4) The SCOTUS makes blatantly unconstitutional decisions all the time. They're every bit as corrupt as Congress, if not more so.
Give me Classic Slashdot or give me death!
Which is the goal of the corporate oligarchy that passes for government these days. Frankly, most of the world's corporation-governments would be happiest if the internet was a restricted, monitored, toll-road. Of course, the flaw in this plan is the million geek army. Telling millions of technically savvy engineers what to do with their toys is very unlikely to be successful in the long run. It just means that the open source pirate internets arrive faster.
Not that this matters to a congresscritter. They just take their fee for passing the stupid law and move on down the road to retirement and the little secret Swiss bank accounts set up for them by the RIAA and friends as a reward.
Please do not read this sig. Thank you.
SOPA is about control. The web is the one area that the powers that be do not fully control, this legislation provides the mechanism to accomplish that, in much the same way that the true intention of the PATRIOT act was to strip away other rights in the name of security.
Wake up people.
...the Supreme Court is the recognized final authority on what is constitutional and what isn't.
Sort of. In theory they're also the final authority over whether 5+3=9 since if you get sued and there is a disagreement over the math of the settlement they're the last appeal you get. However, it seems a bit silly to say that their ruling in itself makes a mathematical statement true or untrue. They're the judges of constitutionality, but the fact of constitutionality is what it is regardless of what any individual believes.

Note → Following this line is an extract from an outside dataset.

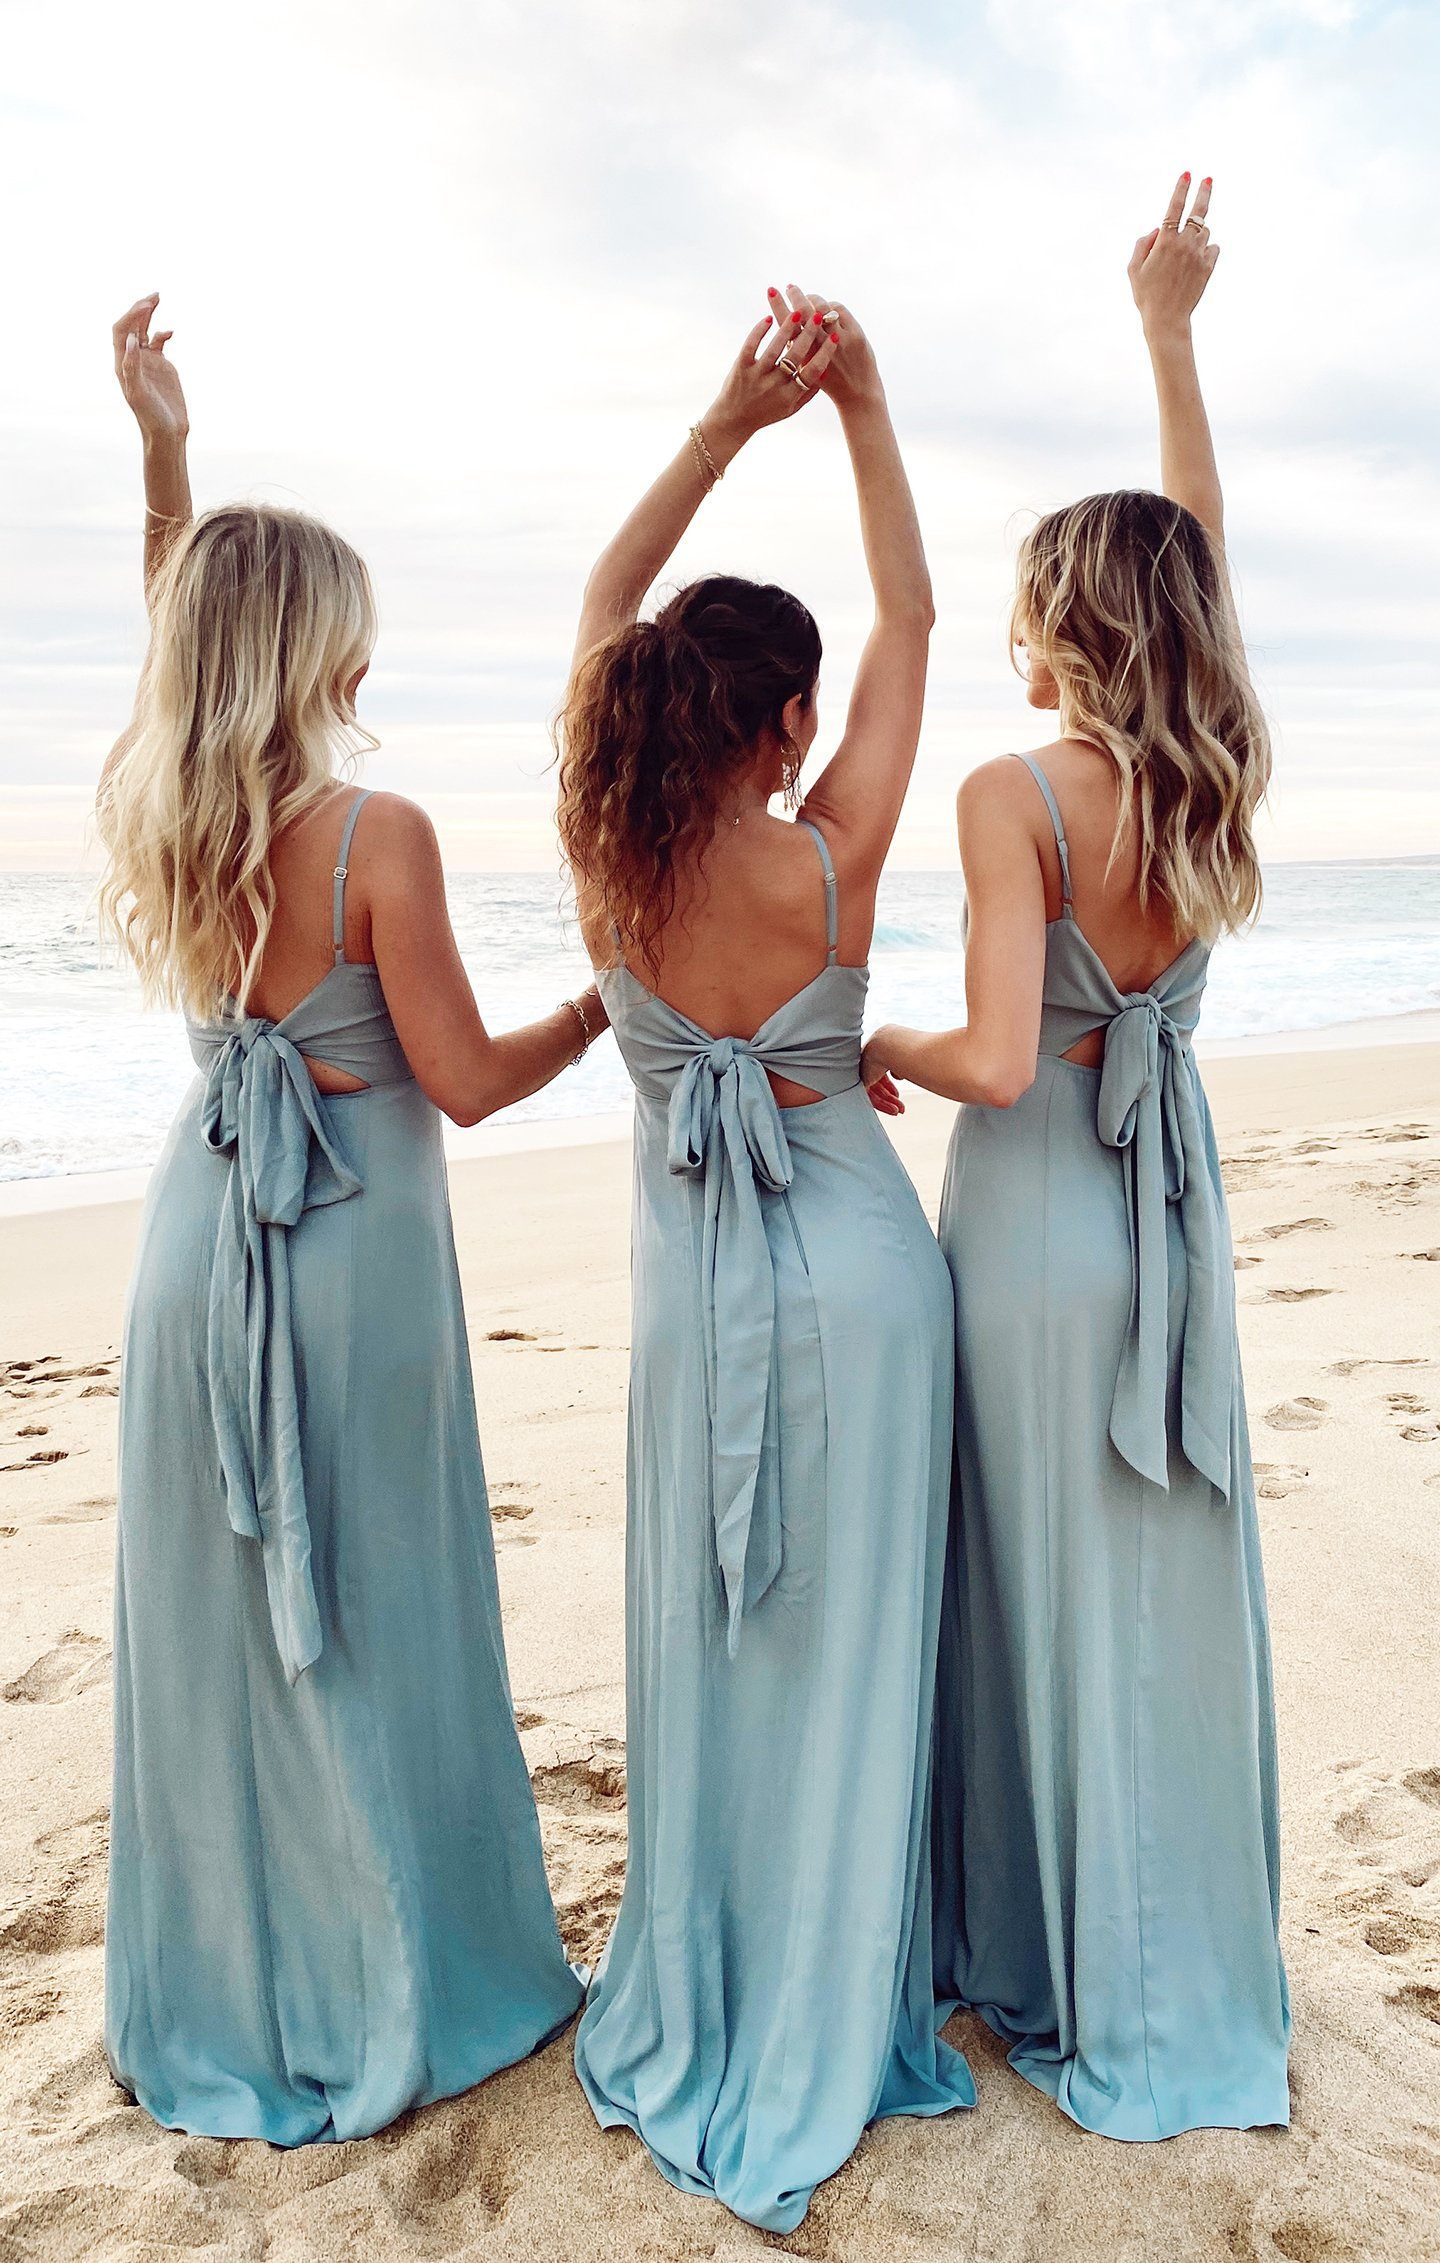 bridesmaid dresses, bridesmaid dress ideas, bridesmaid dress colors, bridesmaid dress styles, affordable bridesmaid dress, blue bridesmaid dress, bow bridesmaid dress, maxi bridesmaid dress

Also - they're just have one of many roles in the system of checks and balances. I'd say that the executive branch has more power in reality to determine whether something is constitutional, since they're the ones with the guns. They can choose to not uphold a constitutional law, or just quietly break a constitutional one.
Ultimately the whole system only works if everybody is aligned on the basic principles of democracy and liberty. If you have that then the rest is just process. If you don't have that, then the process really is just about how people get oppressed.
"Copyright and computers aren't compatible", I said. "the only way for them to co-exist is for them to break all the computers", I said.
"Pish-tosh," said the naysayers. "You just want free stuff."
"No, really," said I, "I can prove it with math."
"Poppycock." said the naysayers. "What about the needs of the artists? Don't they deserve to be paid for all their hard work?"
"If the artists want to ensure that they get paid for something that can exist on a computer, I helpfully suggest they get paid before doing the work. Y'know, like all really successful creators already do," I helpfully suggested, citing advance payments in the music, movie, and book publishing industries, every single dollar of which already, ultimately, comes from the consumers of said products.
"Otherwise, I suppose they can depend on donations borne of gratitude, which, if you think about it, is really just payment to produce the next work anyway. Either way, though, a copy of a file on a computer is effectively valueless, so selling copies of files on computers is a broken business model. Mark my words, if they try to make this broken business model work, it will have to be by outlawing functioning computers."
"Stuff and nonsense," opined the naysayers. "I shall heed no more of your scurrolous lies. Away with you!"
And so, here we are, about to join China and Iran in the glorious future of online freedom. Naysayers, kindly go fuck yourselves in the eye. I can provide an excellent array of online sources for Yoga instruction and melon-ballers if this proves too difficult for you.